DESCRIPTION OF THE TASK: Leave every picture out and print exactly the lines that run from the one containing "Signed 'Made in" to the end of the listing.
━━━━━ SOURCE MATERIAL ━━━━━
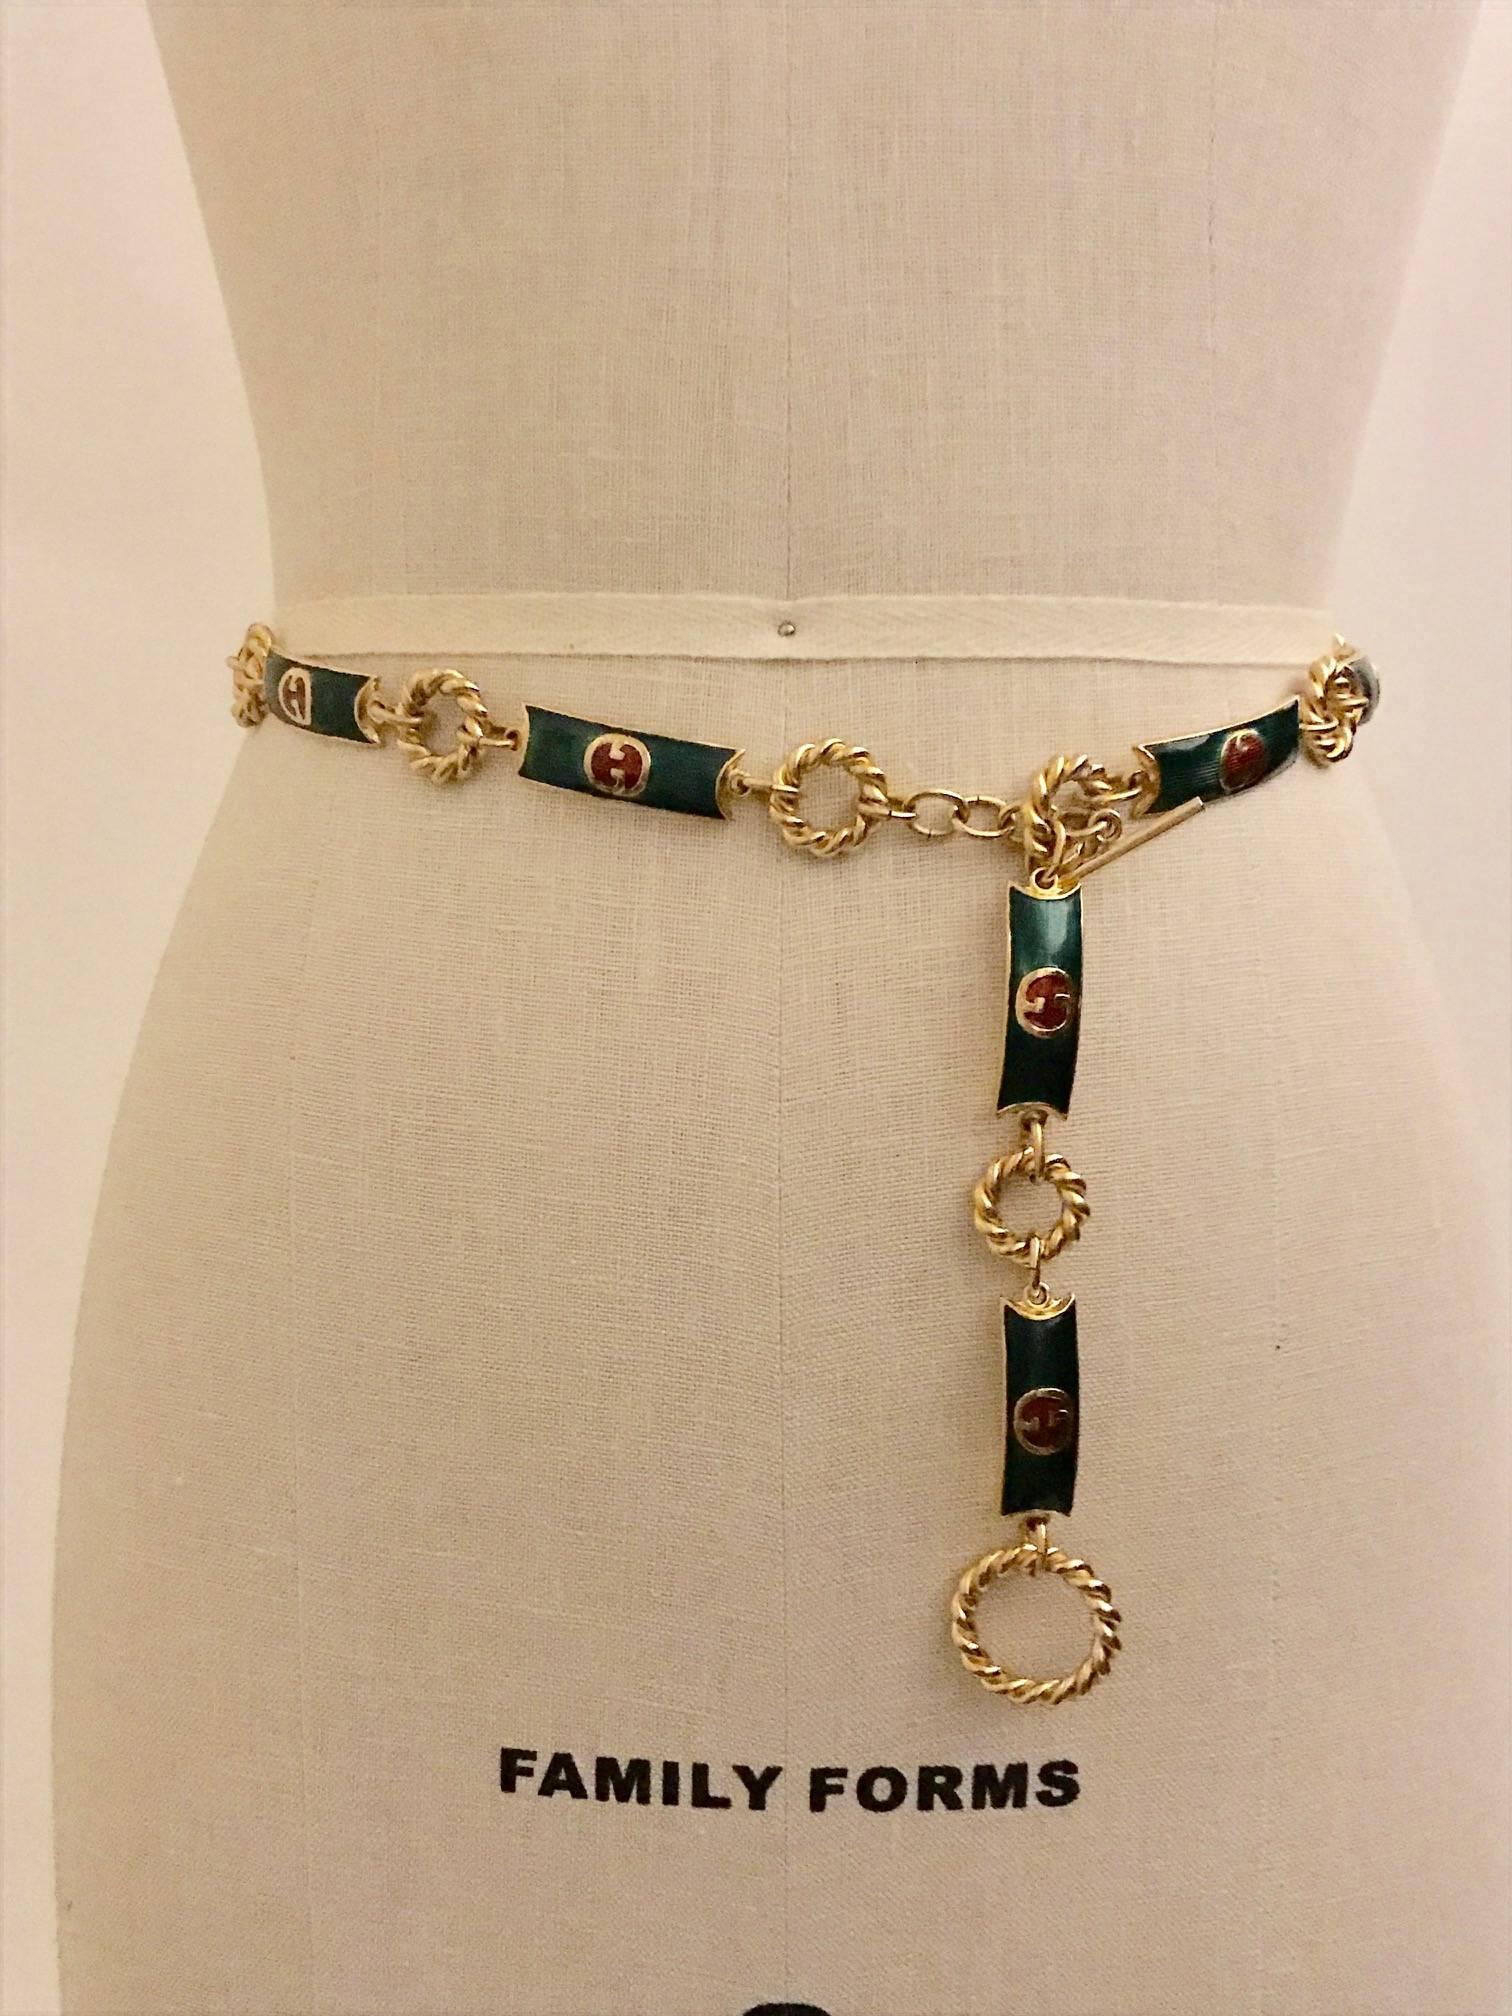 Gucci early 1970s gold tone chain link belt with enamel GG logo adornments. Can also be styled to be worn as a Y necklace.

Signed 'Made in Italy' and 'GUCCI' at adjustable toggle closure. 

Adjustable, fits waist size up to 27
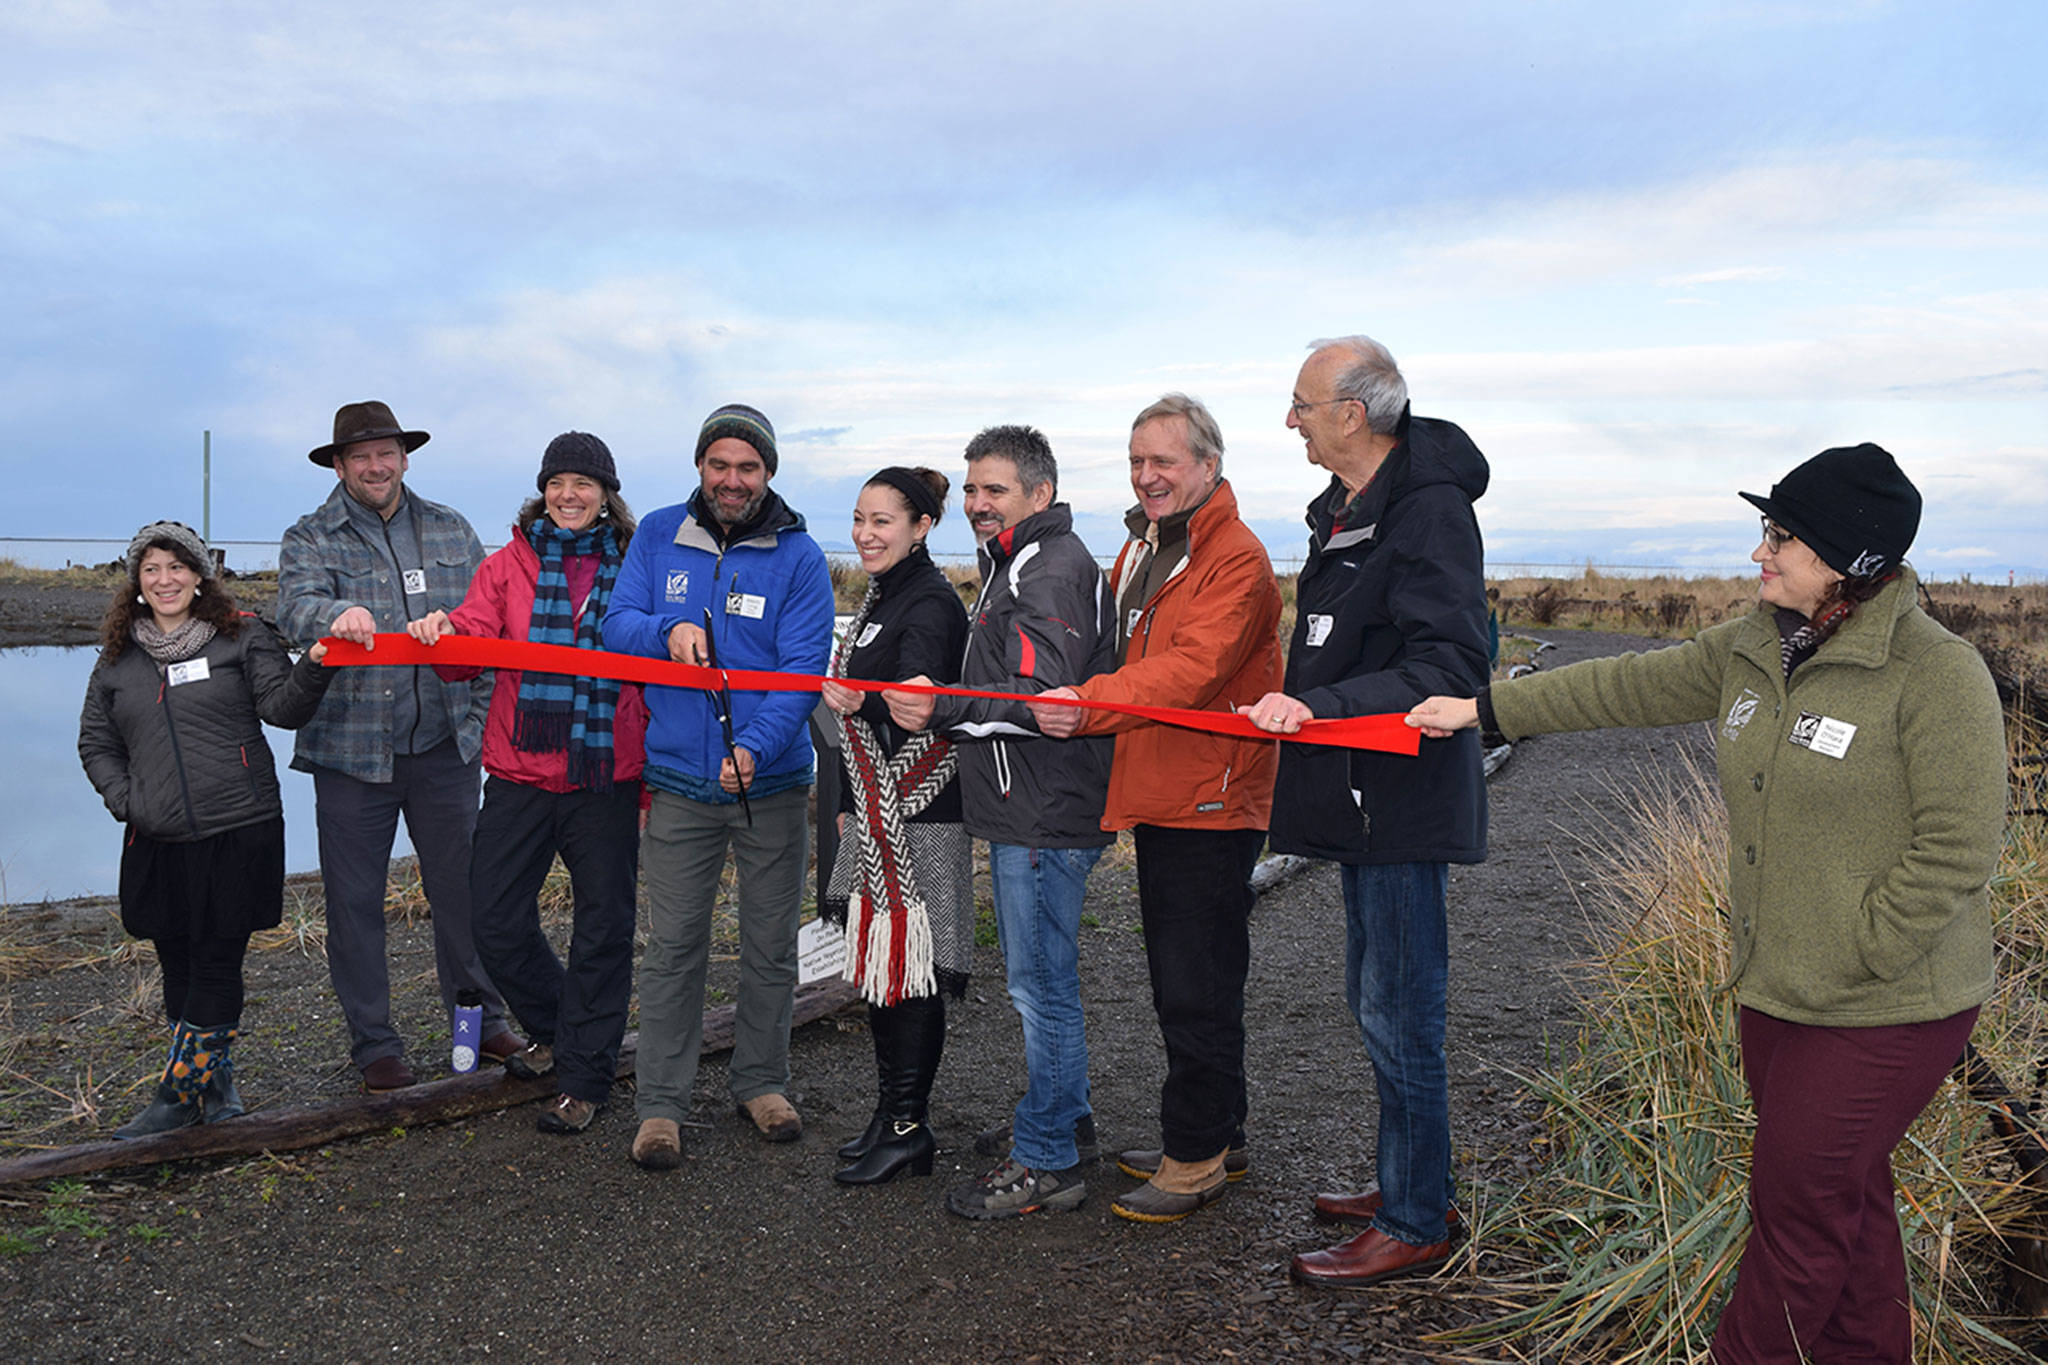 The North Olympic Salmon Coalition (NOSC ) celebrated a ribbon cutting for its 3 Crabs nearshore and estuarine restoration project at the public access point off 3 Crabs Road. From left are Sarah Albert, NOSC administrative assistant; state Rep. Mike Chapman; Rebecca Benjamin, NOSC executive director; Kevin Long, NOSC project manager; Loni Grinnell-Greninger, Jamestown S’Klallam Tribe; Kurt Grinnell, Jamestown S’klallam Tribe; state Rep. Steve Tharinger; Phil Rockefeller, Washington State Recreation & Conservation Office; and Nicole O’Hara, NOSC development manager. (Erin Hawkins/Olympic Peninsula News Group)
━━━━━
RESPONSE AREA:
Signed 'Made in Italy' and 'GUCCI' at adjustable toggle closure. 

Adjustable, fits waist size up to 27
 The North Olympic Salmon Coalition (NOSC ) celebrated a ribbon cutting for its 3 Crabs nearshore and estuarine restoration project at the public access point off 3 Crabs Road. From left are Sarah Albert, NOSC administrative assistant; state Rep. Mike Chapman; Rebecca Benjamin, NOSC executive director; Kevin Long, NOSC project manager; Loni Grinnell-Greninger, Jamestown S’Klallam Tribe; Kurt Grinnell, Jamestown S’klallam Tribe; state Rep. Steve Tharinger; Phil Rockefeller, Washington State Recreation & Conservation Office; and Nicole O’Hara, NOSC development manager. (Erin Hawkins/Olympic Peninsula News Group)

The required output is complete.